Photo Credit: Zoo Station

Art and music were integral part of defense and global solidarity that helped Sarajevo survive the longest modern siege of a European capital. From around the globe, artists as U2 frequently provided moral support, urged humanitarian help and echoed calls to help. They reminded of a responsibility. The war on Bosnia & Herzegovina (BiH) was as much an aggression upon diversity as it was a campaign against a country and an effort at ethnic cleansing. The start of the war was punctuated by not only mass killings but the fire bombing of Sarajevo’s historic library, cultural features as well as houses of worship and anything that memorialized a long history of diversity and tolerance. Sarajevo became the symbol of the will to defend but also counter the assault upon openness. As much as the meager weapons of war and ingenuity of citizen-defenders, the assault and siege was resisted by exhibitions of art, film and music. It was only fitting that the survival of Bosnia would be celebrated with music, and it was exclamation point of one big show that would bring together the world, the culture and diversity that was Sarajevo’s salvation. That is where U2 came in again, along with local performers and thousands of others from around the region, indeed the world who came to celebrate a new global consciousness along with the music.

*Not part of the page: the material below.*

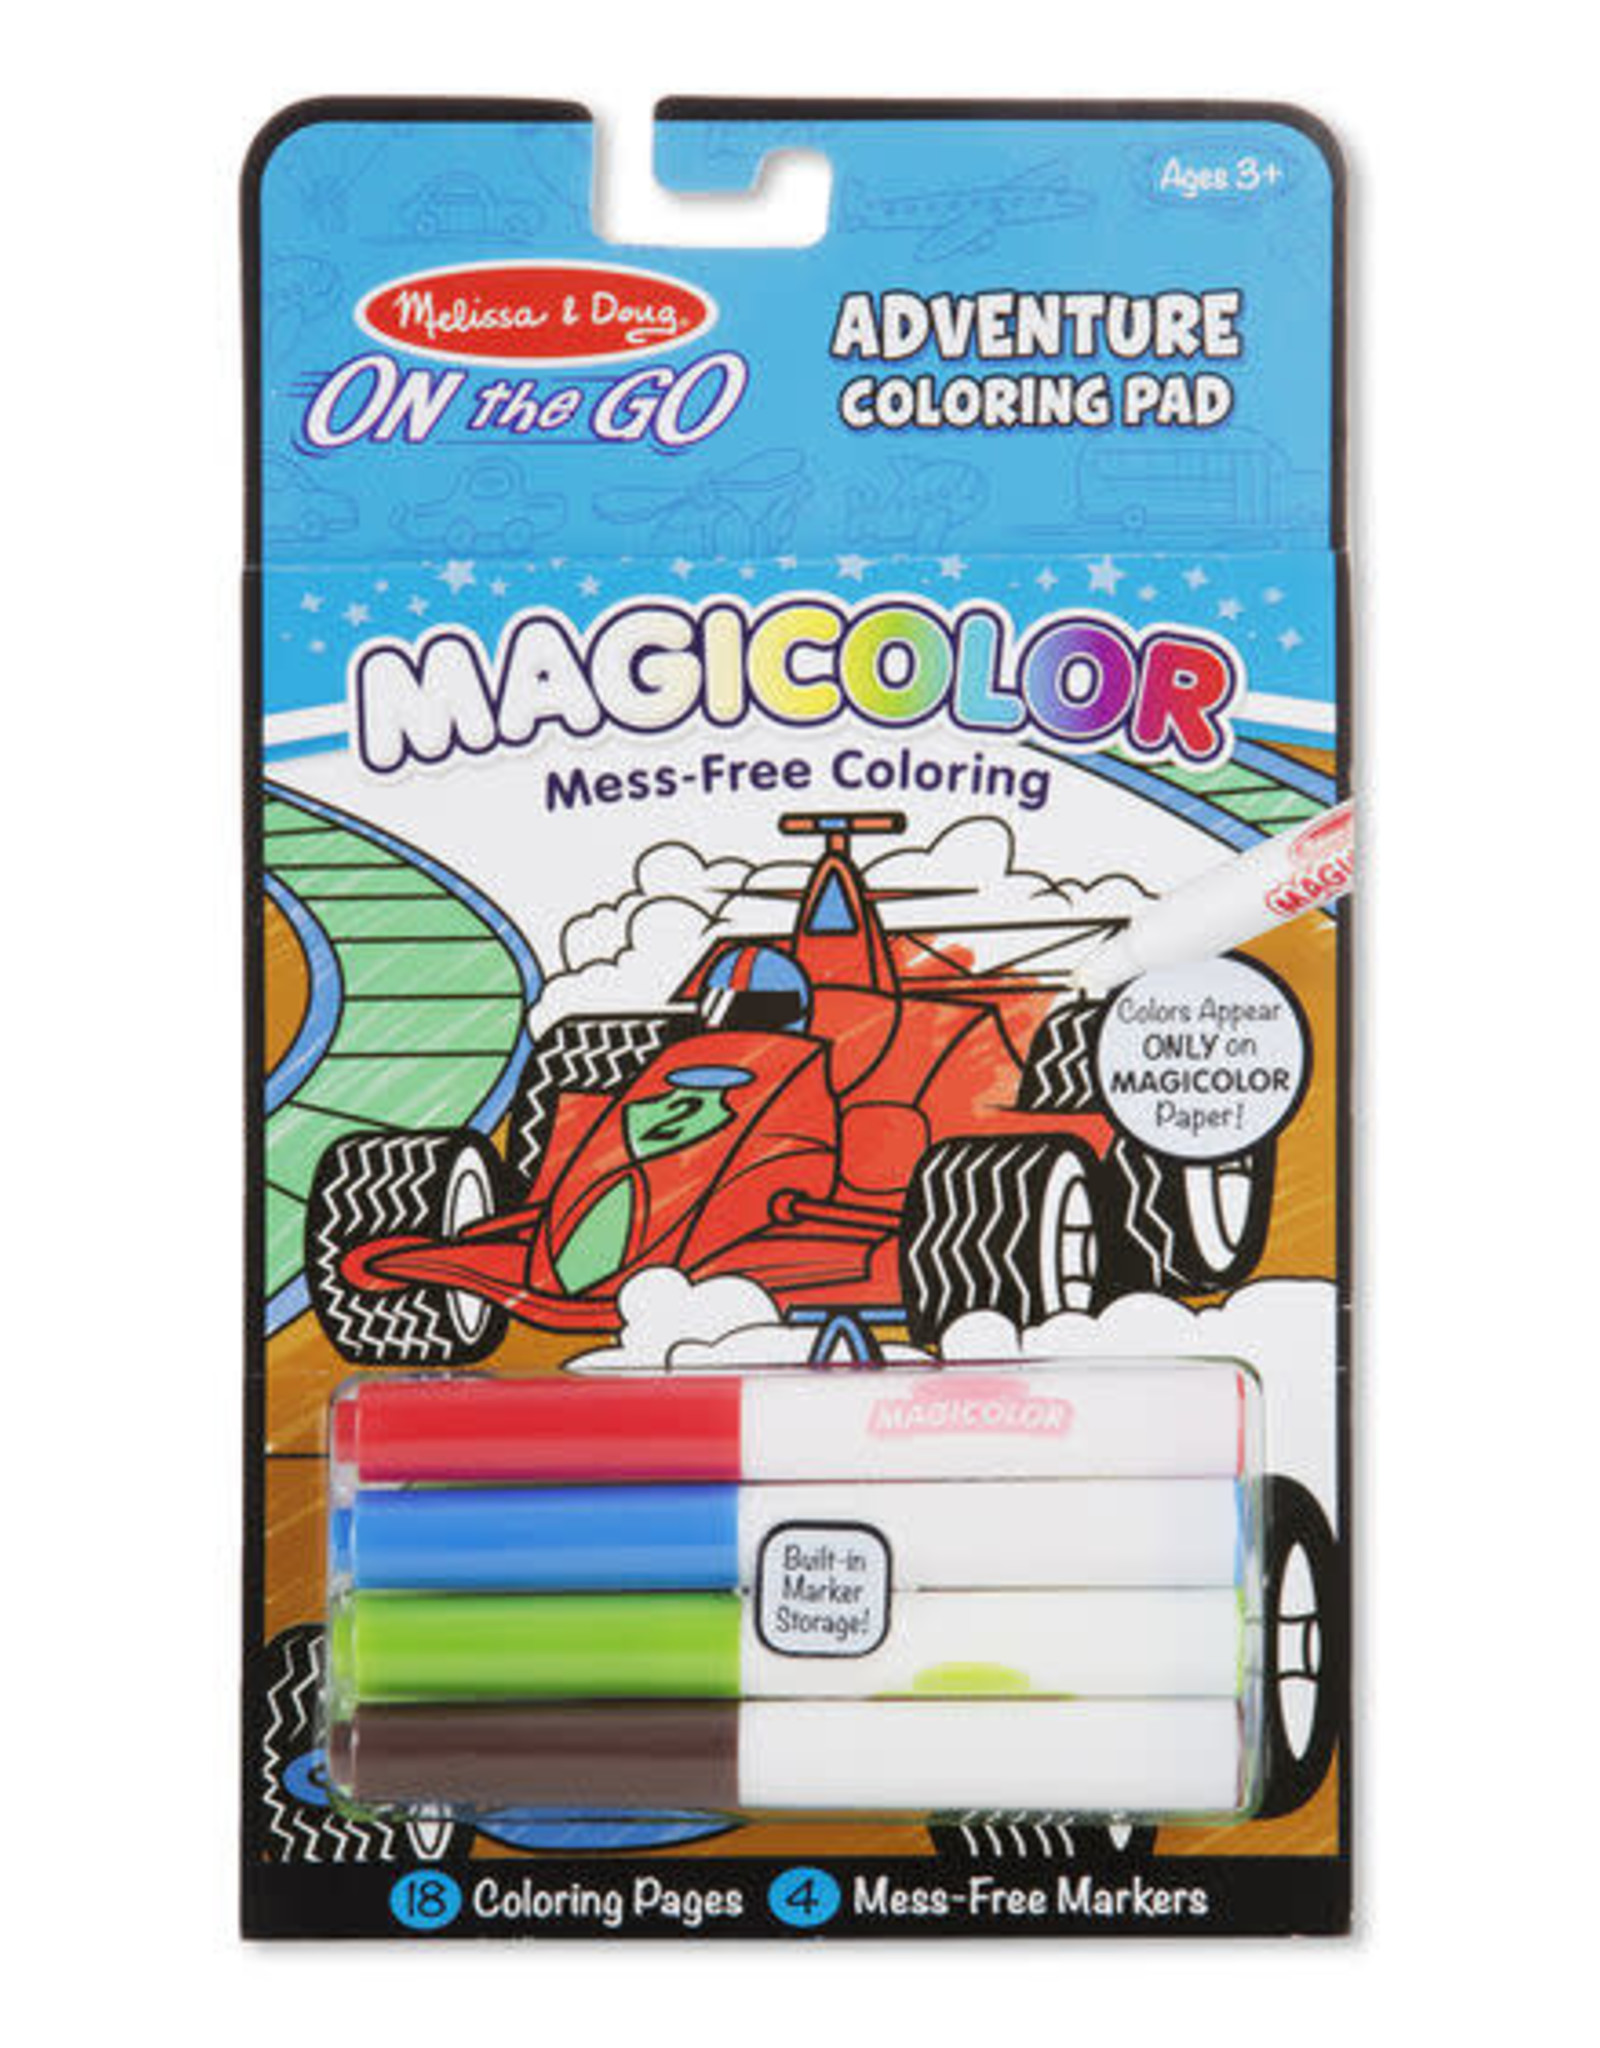 Melissa & Doug Melissa & Doug Magicolor Coloring Pad - Games & Adventure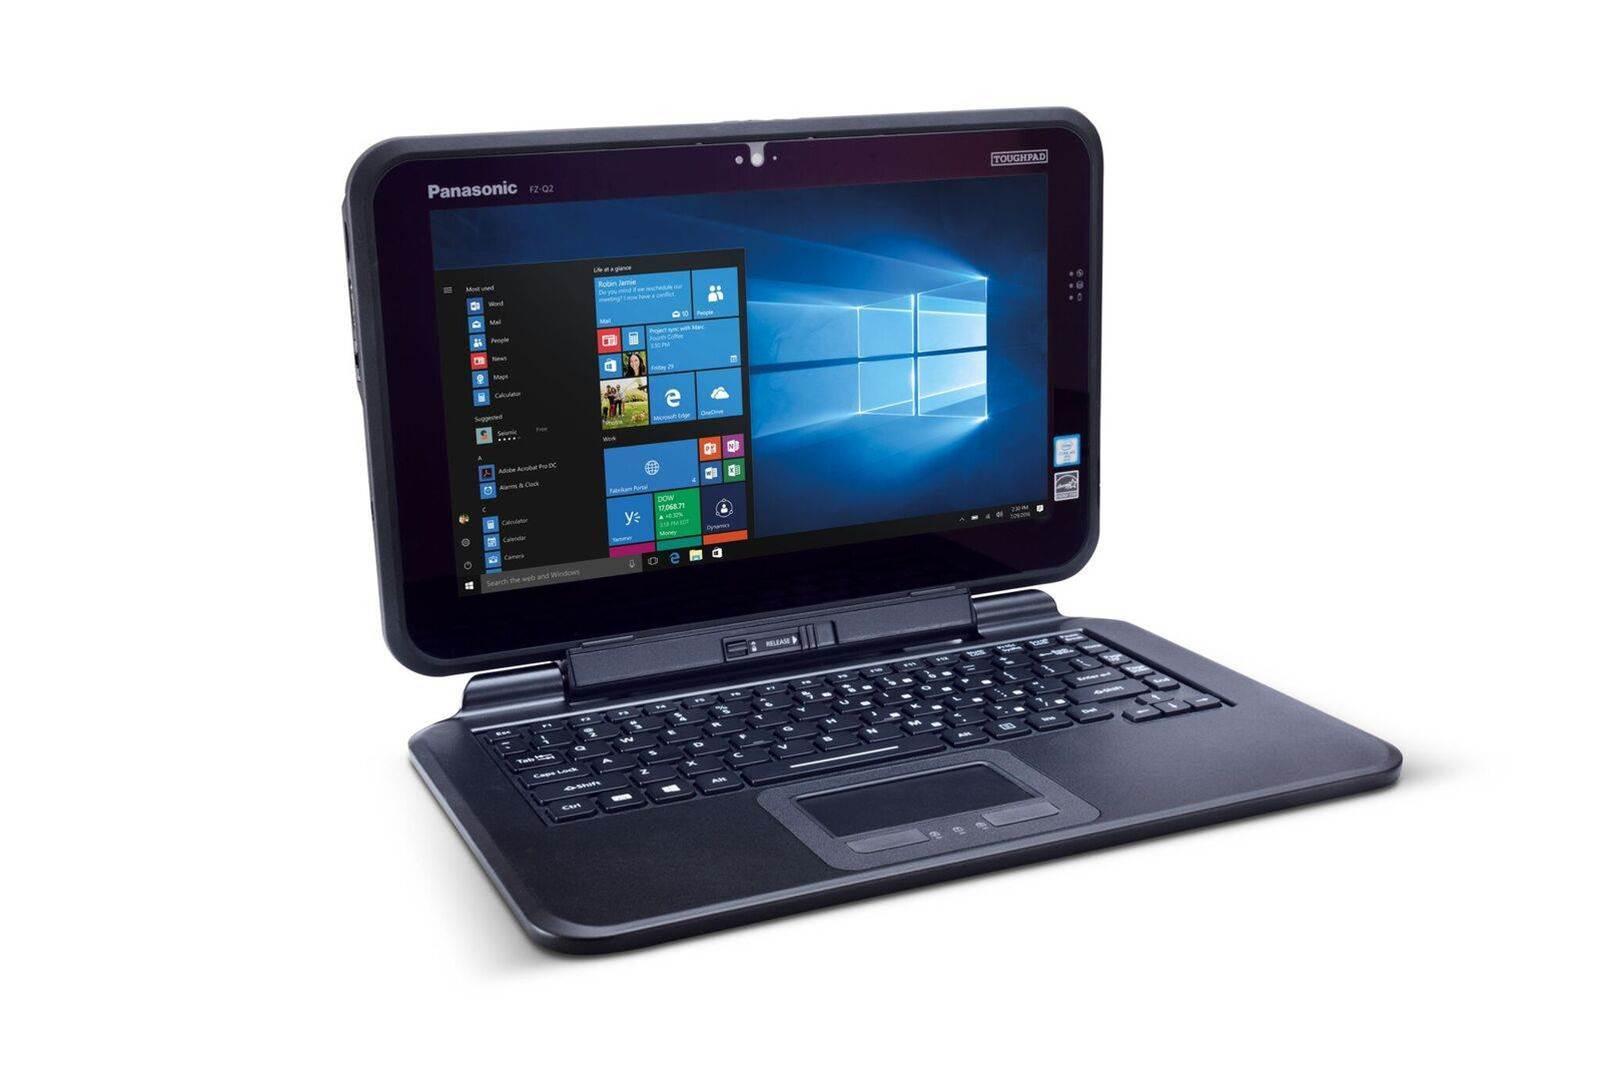 Panasonic launches new Toughpad FZ-Q2 semi-rugged convertible PC

Luciano Pavarotti & “War Child”:

Bono and I had met at Pavarotti’s benefit concert in Modena, Italy, (Luciano’s hometown) on behalf of the children of BiH. Luciano was as much humanitarian and gracious host as great tenor and public personality. “War Child” had begun its life as a global NGO that would enlist the personality, empathy as well as art of musicians to provide aid for the children of BiH. (As BiH’s first Ambassador to the UN I had the opportunity and honor to sign War Child’s first charter that would empower it to work in Bosnia, its first mission as a new NGO anywhere.) A school and music center would be dedicated to Luciano Pavarotti in 1998 but in the summer of 1995 when the war still raged the great artist was host to a global array of stars and dignitaries, (over several annual concerts including Bono, The Edge, Sting, Natalie Cole, Mariah Carey, Eurythmics, Stevie Wonder, Jon Bon Jovi, Elton John, Meatloaf, Eric Clapton, Brian Eno, Neville Brothers and Princes Diana among too many to properly acknowledge.) The proceeds of the night long event were part of the fundraising for War Child and the children of BiH, including a new music center. (Brian Eno and wife committed much of their time and energy to establish the school and music center in the divided city of Mostar that would eventually bear Pavarotti’s name.)  As memorable as the sentiments and music dedicated to the long besieged city and what it represented, Pavarotti, Bono, Eno and the others performed a special song dedicated to courage, ingenuity and beauty of the city, particularly its people, “Miss Sarajevo” (They had recorded as artists, “Passengers”).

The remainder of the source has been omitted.